To fight the rebels and Filipino civilians, American troops used not only methods, but also weapons that had previously helped them in the genocide of the Indians.

Thus, the US military in the Philippines again had to be armed with old "cowboy" 45-caliber revolvers, as the new standard army weapons with lighter bullets proved to be ineffective in the jungle and guerrilla attacks of local militias.

American political scientist Dmitry Drobnitsky, in an interview with RT, noted that the United States was essentially waging a colonial war against the Philippines, while denying it.

“The end of the 19th century was a time when states could afford this, and the Americans always acted straightforwardly and presumptuously, regardless of either the problems of the indigenous population of their continent or other territories that they conquered,” the political scientist noted.

End of the war

In early 1901, US forces managed to capture rebel leader Emilio Aguinaldo and force him to recognize the authority of the United States.

However, despite this, the Filipinos continued to resist.

In September 1901, in response to American oppression, the inhabitants of Samar Island rebelled, killed 48 US Army soldiers and seized their arsenal.

In response, General Jacob Smith ordered the Marines to attack the island and take no prisoners.

The exact number of victims of this act of intimidation has not been established, however, according to some historians, it can be up to several thousand people.

  • Postcard depicting the Bureau of Science building in Manila, built by the American administration in 1902

  • © social networks

In the spring of 1902, the rebel command surrendered to American troops.

A few months later, the war was declared over, but the fighting with individual detachments of the rebels continued until 1913.

The war in the Philippines cost the US government an unprecedented amount of $ 600 million at that time. The combat losses of the Americans amounted to 4.3 thousand military personnel.

In turn, local militias in battles with the US army lost about 20 thousand people.

Civilian casualties amounted to at least 200,000 people.

Only in 1935 the Philippines received the status of autonomy within the United States, and in 1946 finally gained independence.
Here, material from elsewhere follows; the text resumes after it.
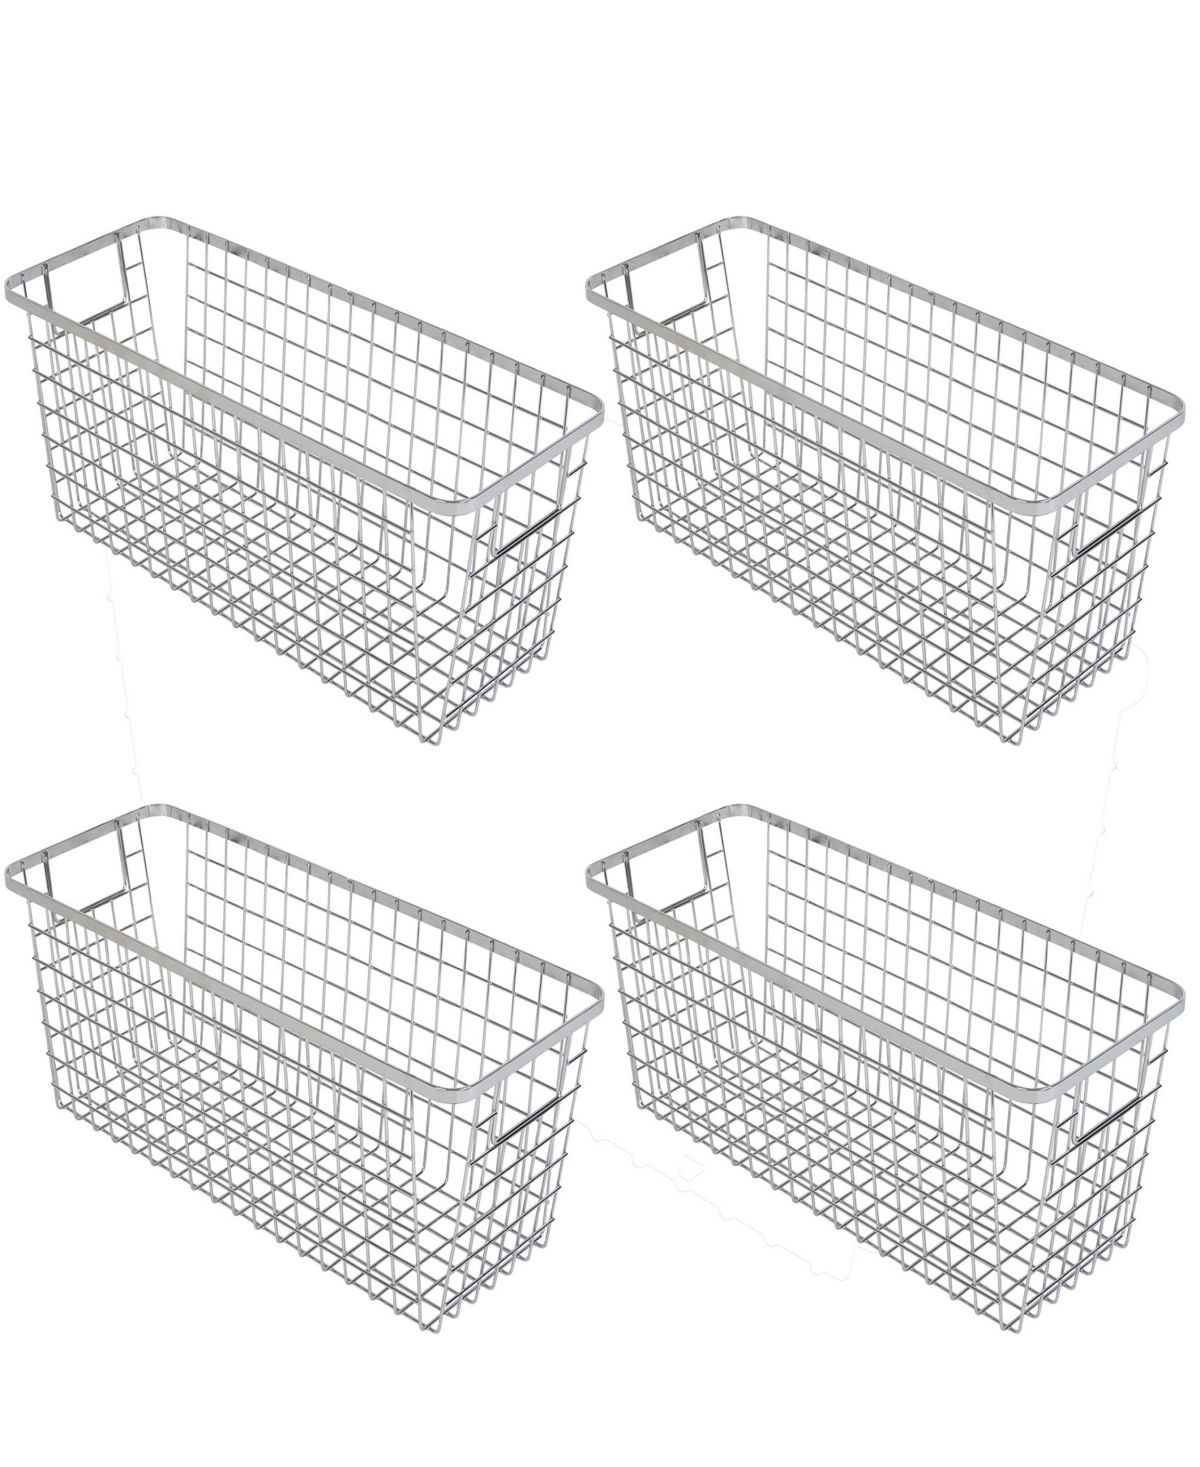 Smart Design Nestable 6" X 16" X 6" Basket Organizer With Handles, Set Of 4 In Chrome

The war with Spain and its former colonies was the result of changes in US foreign policy that took place at the turn of the 19th and 20th centuries, Yury Rogulev, director of the Franklin Roosevelt Foundation for the Study of the United States at Moscow State University, said in an interview with RT.

“The United States from the beginning of its existence until recently did not recognize colonial possessions and condemned other world powers for having such possessions.
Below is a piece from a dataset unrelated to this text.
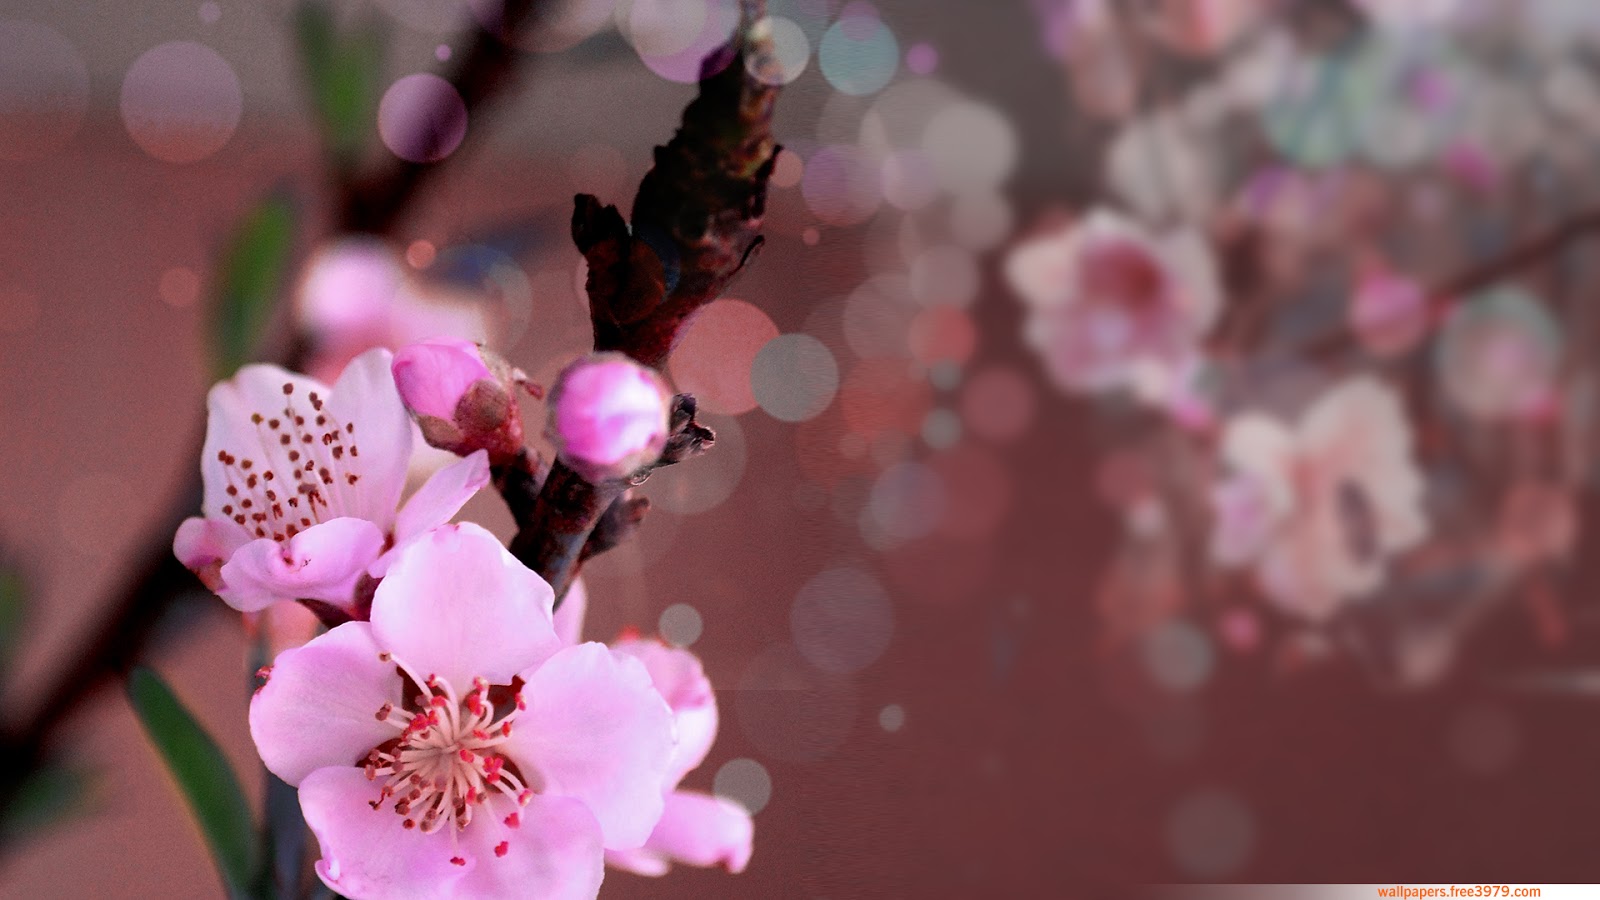 Peach Blossom Flower Free Wallpaper. Wallpaper Wallpaper Free 3979

At the end of the 19th century, the United States had already mastered the territory of its mainland and began to expand beyond its borders.

The Spanish-American War became one of the manifestations of this new, imperialist policy," the expert emphasized.

At the same time, both then and now, official American history claims that the territories seized from the Spaniards were not colonies, Yuri Rogulev added. 

“The United States invented a special regime for them: they were not considered colonies, but these were territories that were under the control and administration of the United States.

It was such a peculiar quasi-colonial order and regime.

At the same time, Washington did not officially consider the Philippines to be its colony, ”the source explained to RT. 

The war with Spain and the Philippines largely influenced the formation of further US foreign policy, and in particular, the so-called "big stick" concept. 

“American expansion at the end of the 19th century was accompanied not only by territorial expansion, but also by the industrial revolution and powerful industrialization.

Big capital arose, which became cramped even within the vast borders of the United States, and began to overflow beyond its borders.

It was both commercial, economic and political expansion.

Then this concept of the “big stick” arose, which involves negotiating from a position of strength, ”explained the interlocutor of RT.   

Despite the fact that the positions of politicians who adhered to isolationism were still strong in the United States, Washington's future course for expansion far beyond the borders of its country was already predetermined, Yuri Rogulev concluded.